Task material:

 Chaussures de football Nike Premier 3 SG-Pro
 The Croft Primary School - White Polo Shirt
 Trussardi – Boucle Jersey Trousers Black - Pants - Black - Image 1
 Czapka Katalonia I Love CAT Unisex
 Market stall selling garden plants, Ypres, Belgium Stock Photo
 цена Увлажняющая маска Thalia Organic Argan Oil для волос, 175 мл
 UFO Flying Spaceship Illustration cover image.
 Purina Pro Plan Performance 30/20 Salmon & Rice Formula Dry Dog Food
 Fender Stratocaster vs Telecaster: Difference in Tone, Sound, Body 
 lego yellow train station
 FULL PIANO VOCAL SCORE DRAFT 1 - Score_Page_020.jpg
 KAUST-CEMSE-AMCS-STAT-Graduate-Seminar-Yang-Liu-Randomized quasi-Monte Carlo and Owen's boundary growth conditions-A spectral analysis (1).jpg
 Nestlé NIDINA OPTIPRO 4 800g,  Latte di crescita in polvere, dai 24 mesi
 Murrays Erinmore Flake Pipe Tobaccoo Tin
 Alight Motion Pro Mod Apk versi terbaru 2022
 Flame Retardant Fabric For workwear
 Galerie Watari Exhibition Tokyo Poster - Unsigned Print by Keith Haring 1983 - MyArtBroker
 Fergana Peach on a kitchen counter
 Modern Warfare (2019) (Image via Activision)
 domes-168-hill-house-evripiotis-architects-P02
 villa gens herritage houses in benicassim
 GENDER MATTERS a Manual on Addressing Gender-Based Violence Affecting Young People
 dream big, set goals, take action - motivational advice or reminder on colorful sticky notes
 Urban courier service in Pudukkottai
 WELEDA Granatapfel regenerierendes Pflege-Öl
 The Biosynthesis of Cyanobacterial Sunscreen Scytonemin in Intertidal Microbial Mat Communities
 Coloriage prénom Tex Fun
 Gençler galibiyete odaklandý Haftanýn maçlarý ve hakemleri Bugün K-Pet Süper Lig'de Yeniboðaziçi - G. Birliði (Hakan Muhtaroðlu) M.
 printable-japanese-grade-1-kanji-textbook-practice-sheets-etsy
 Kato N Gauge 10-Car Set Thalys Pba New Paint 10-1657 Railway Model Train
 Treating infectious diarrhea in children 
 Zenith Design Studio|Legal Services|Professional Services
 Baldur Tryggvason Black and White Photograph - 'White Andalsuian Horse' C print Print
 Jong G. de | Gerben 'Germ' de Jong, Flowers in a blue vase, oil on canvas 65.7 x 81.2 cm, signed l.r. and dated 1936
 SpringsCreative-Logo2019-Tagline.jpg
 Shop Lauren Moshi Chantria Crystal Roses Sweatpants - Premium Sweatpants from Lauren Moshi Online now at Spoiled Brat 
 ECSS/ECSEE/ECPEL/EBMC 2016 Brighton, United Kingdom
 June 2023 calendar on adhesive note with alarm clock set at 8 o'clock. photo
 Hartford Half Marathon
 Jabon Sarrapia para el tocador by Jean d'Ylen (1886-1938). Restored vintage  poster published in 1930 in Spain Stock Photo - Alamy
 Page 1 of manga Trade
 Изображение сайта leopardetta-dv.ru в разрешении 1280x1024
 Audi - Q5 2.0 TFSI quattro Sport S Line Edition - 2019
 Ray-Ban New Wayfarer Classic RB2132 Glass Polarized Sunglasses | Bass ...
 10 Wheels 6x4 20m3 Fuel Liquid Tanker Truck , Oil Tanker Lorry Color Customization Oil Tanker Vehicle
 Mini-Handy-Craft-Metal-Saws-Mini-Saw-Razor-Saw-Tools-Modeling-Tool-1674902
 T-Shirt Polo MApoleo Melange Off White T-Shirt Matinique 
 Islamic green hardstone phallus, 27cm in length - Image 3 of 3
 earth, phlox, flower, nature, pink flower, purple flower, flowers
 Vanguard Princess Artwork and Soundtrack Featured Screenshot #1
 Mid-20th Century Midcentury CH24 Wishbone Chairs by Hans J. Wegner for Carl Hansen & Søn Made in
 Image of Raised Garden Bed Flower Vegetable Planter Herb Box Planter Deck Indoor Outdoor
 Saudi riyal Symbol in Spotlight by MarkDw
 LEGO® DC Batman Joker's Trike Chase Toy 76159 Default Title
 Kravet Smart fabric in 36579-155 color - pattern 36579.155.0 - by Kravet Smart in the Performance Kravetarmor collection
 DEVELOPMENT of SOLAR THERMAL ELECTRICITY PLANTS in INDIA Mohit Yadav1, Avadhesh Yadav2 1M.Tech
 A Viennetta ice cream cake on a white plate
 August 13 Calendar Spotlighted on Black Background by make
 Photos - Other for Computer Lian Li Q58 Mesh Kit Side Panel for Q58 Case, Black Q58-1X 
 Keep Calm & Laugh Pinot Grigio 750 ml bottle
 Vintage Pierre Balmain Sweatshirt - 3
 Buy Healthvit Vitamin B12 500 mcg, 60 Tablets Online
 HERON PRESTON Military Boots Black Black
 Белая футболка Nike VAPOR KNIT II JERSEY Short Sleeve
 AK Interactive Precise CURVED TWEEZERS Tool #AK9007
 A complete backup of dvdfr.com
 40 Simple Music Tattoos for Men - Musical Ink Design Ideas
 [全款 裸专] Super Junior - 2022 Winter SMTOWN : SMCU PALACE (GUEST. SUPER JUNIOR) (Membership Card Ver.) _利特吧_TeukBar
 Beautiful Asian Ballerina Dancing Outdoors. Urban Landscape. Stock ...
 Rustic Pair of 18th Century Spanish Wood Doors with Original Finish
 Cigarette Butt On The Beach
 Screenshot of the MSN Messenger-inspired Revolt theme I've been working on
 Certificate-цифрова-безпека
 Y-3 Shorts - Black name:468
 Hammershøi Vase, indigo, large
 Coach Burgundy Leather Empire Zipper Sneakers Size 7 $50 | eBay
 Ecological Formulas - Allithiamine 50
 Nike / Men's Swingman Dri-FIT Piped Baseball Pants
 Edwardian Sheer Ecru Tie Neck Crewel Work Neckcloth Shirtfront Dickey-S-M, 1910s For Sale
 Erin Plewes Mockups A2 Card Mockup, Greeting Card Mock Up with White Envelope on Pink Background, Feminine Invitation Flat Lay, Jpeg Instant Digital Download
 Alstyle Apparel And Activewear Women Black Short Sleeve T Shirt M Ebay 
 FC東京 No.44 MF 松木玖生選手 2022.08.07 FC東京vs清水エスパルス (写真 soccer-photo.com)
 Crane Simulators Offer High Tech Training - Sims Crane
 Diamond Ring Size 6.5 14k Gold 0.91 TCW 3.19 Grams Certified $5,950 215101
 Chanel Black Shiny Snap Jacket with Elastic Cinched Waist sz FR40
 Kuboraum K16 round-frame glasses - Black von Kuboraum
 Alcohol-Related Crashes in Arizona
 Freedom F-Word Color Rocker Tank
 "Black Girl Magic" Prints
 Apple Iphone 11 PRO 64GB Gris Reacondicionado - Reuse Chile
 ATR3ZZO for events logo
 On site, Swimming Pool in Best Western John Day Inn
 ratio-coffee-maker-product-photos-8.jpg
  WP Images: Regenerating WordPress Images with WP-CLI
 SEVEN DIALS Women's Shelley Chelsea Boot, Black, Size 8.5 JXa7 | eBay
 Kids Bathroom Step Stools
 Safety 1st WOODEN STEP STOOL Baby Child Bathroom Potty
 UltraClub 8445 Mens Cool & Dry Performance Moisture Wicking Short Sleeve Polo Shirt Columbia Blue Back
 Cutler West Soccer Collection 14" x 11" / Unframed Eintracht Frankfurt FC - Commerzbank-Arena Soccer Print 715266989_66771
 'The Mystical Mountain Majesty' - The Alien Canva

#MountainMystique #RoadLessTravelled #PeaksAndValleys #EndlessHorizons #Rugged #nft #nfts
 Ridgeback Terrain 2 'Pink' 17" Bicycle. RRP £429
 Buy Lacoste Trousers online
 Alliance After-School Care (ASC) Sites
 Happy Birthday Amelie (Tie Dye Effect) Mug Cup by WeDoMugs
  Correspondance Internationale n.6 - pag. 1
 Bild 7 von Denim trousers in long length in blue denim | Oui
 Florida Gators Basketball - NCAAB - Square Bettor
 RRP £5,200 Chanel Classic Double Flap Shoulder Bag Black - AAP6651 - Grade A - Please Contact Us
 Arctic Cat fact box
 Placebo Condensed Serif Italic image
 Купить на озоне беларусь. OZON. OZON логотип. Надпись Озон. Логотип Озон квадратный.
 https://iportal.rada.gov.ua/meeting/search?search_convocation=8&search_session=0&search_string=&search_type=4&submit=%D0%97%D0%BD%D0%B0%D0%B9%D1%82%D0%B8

Task instructions: At the line containing "Купить на озоне", start copying. Continue exactly through the final line of the entries above and stop there.

Result of this task:
 Купить на озоне беларусь. OZON. OZON логотип. Надпись Озон. Логотип Озон квадратный.
 https://iportal.rada.gov.ua/meeting/search?search_convocation=8&search_session=0&search_string=&search_type=4&submit=%D0%97%D0%BD%D0%B0%D0%B9%D1%82%D0%B8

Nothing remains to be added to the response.